The doctors announced that Chaim Boruch would need swallow therapy.
Hmmmm, this should be interesting, I thought, as I conjured up creative ways to help Chaim Boruch follow simple directions for swallowing when, the fact is, it’s challenging enough for him to simply follow directions for putting his backpack on the table.
So last week at a follow-up appointment, the doctors mixed some liquid dye into his applesauce, allowing us to see via X-ray if he is ready to begin swallow therapy.
Very slowly, they fed him increasing amounts of applesauce until they reached an amount he could swallow with ease and efficiency. And it was an extremely fine line between strengthening his swallowing ability and G‑dforbid increasing the risks of food entering his lungs, which could result in pneumonia and other health issues.
After a discussion and a closer look at the x-ray results, the doctors decided that Chaim Boruch could begin swallow therapy. The only way for his muscles to become stronger was to use them; and so, on that very day we were given the go-ahead to begin the therapy that, G‑d willing, will lead to a full ability to eat normally without a feeding tube.
What would be the designated volume of pureed food to be given to Chaim Boruch, we asked?
One quarter of a teaspoon in a bite, with a total of eight bites in all.
My mind read the instructions as: two teaspoons of hope, faith, prayer and dreams coming true.
But I was nervous and scared.
There was much I had to watch out for. Even though this was the start of a new phase, and I had yearned for this moment, I had also been basking in the joy of getting things back to “normal.” I, for one, didn’t feel like shaking things up with the endless potential hazards that were mixed into a quarter teaspoon of applesauce.

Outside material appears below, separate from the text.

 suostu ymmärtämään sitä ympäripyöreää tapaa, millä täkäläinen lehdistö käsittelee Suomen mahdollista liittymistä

So, I pushed off the task for a couple of days, sorting out my own feelings as a mother, and thinking about when would be the “right” time to begin. I worried about Chaim Boruch not wanting to eat after the experiences he had recently gone through. I worried about the possibility that he would want more than two teaspoons of food a day. How could I explain all of this? Would he understand? Would every bite lead to a tantrum and a meltdown?
There have been many wondrous moments in Chaim Boruch’s life that have occurred on Shabbat, a time when extra holiness exists in the world. And again, it was on Shabbat that we experienced something special.

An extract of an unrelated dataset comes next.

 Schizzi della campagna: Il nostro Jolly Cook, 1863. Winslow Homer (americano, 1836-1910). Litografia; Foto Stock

The candles were lit, illuminating our faces at the table with a warm glow. The kids were eating challah and their favorite salads, and sipping grape juice, savoring the tastes they await all week.
I turned to Chaim Boruch and asked him if he would like to eat a little applesauce, just “small bites” like the doctor said.

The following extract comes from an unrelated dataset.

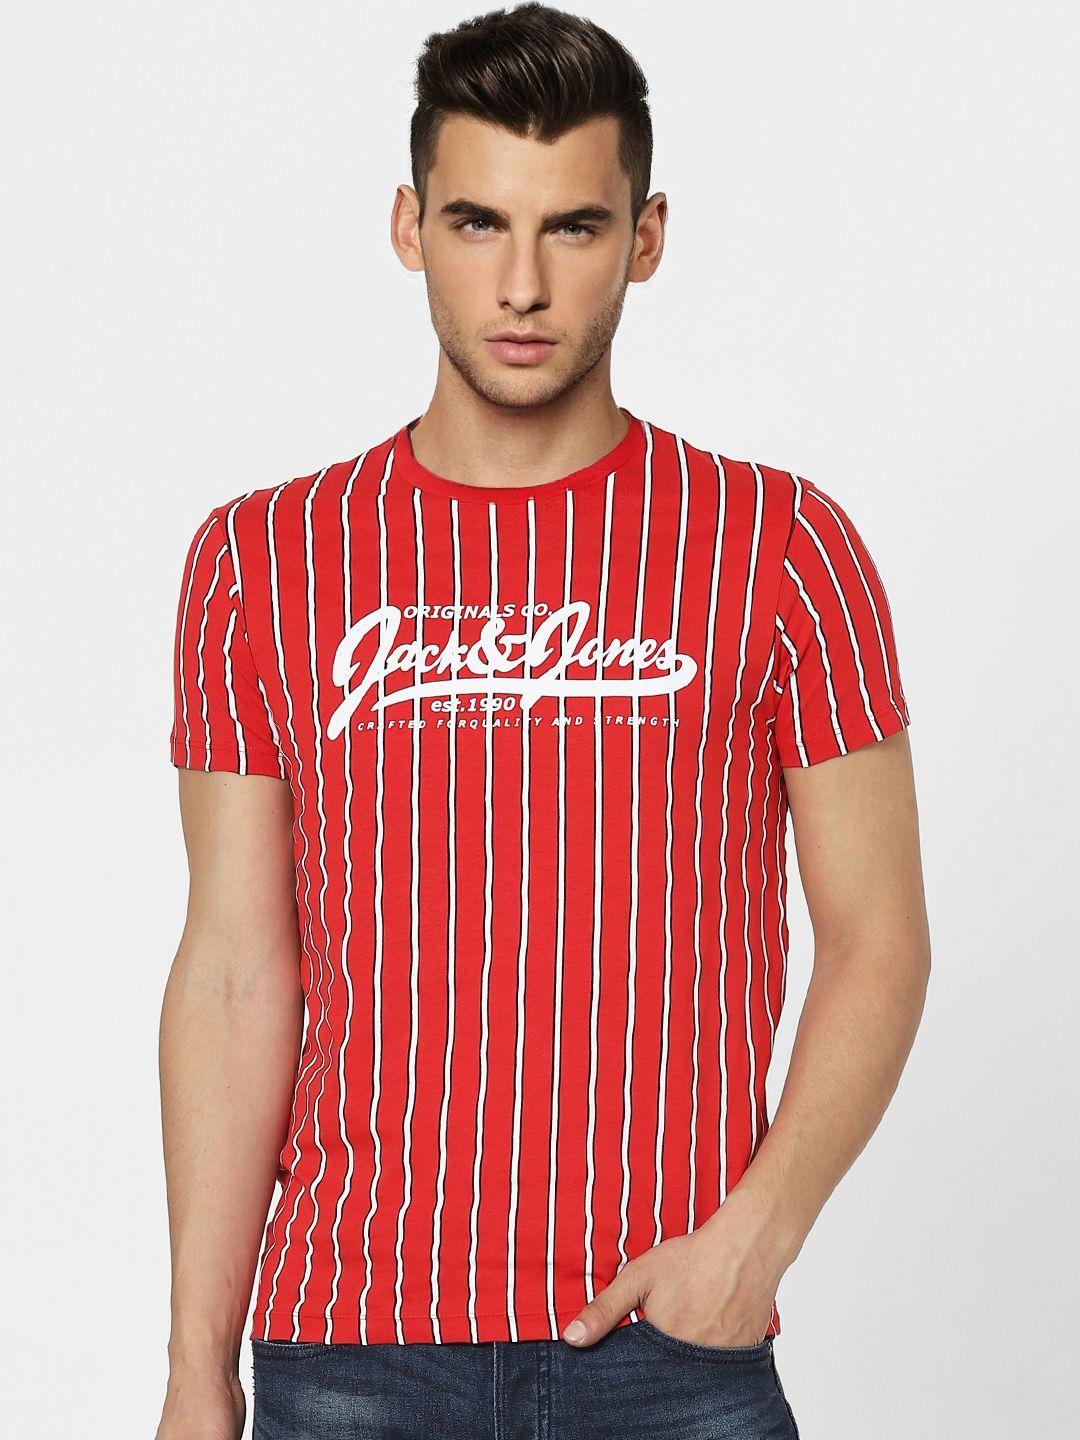 jack & jones men red & off white striped slim fit round neck t-shirt

He nodded with excitement and a grin that stretched from ear to ear. I said the blessing for him while he dutifully swayed back and forth, mimicking the motions of prayer.
Then his little shaky arm spooned one quarter of a teaspoon of applesauce slowly into his mouth. I could see the effort he made to close his lips on the spoon, push the food back into his mouth and then swallow with concentration.
Wow! It’s been six months since he tasted food. As tears filled my eyes I could only imagine how very sweet applesauce could taste, and how very good it must feel to eat.
After his first swallow, Chaim Boruch erupted with a magnificent “Aaaaaahhhhhh,” while pointing to each of the other kids, who were still holding their breaths. And then, as if on cue, the kids all burst into cheers and laughter and congratulations on this very special occasion.
We were so proud of him, and so grateful to G‑d for this day.
One quarter teaspoon.
One quarter of my heart.
Filled to the brim with hope and trust.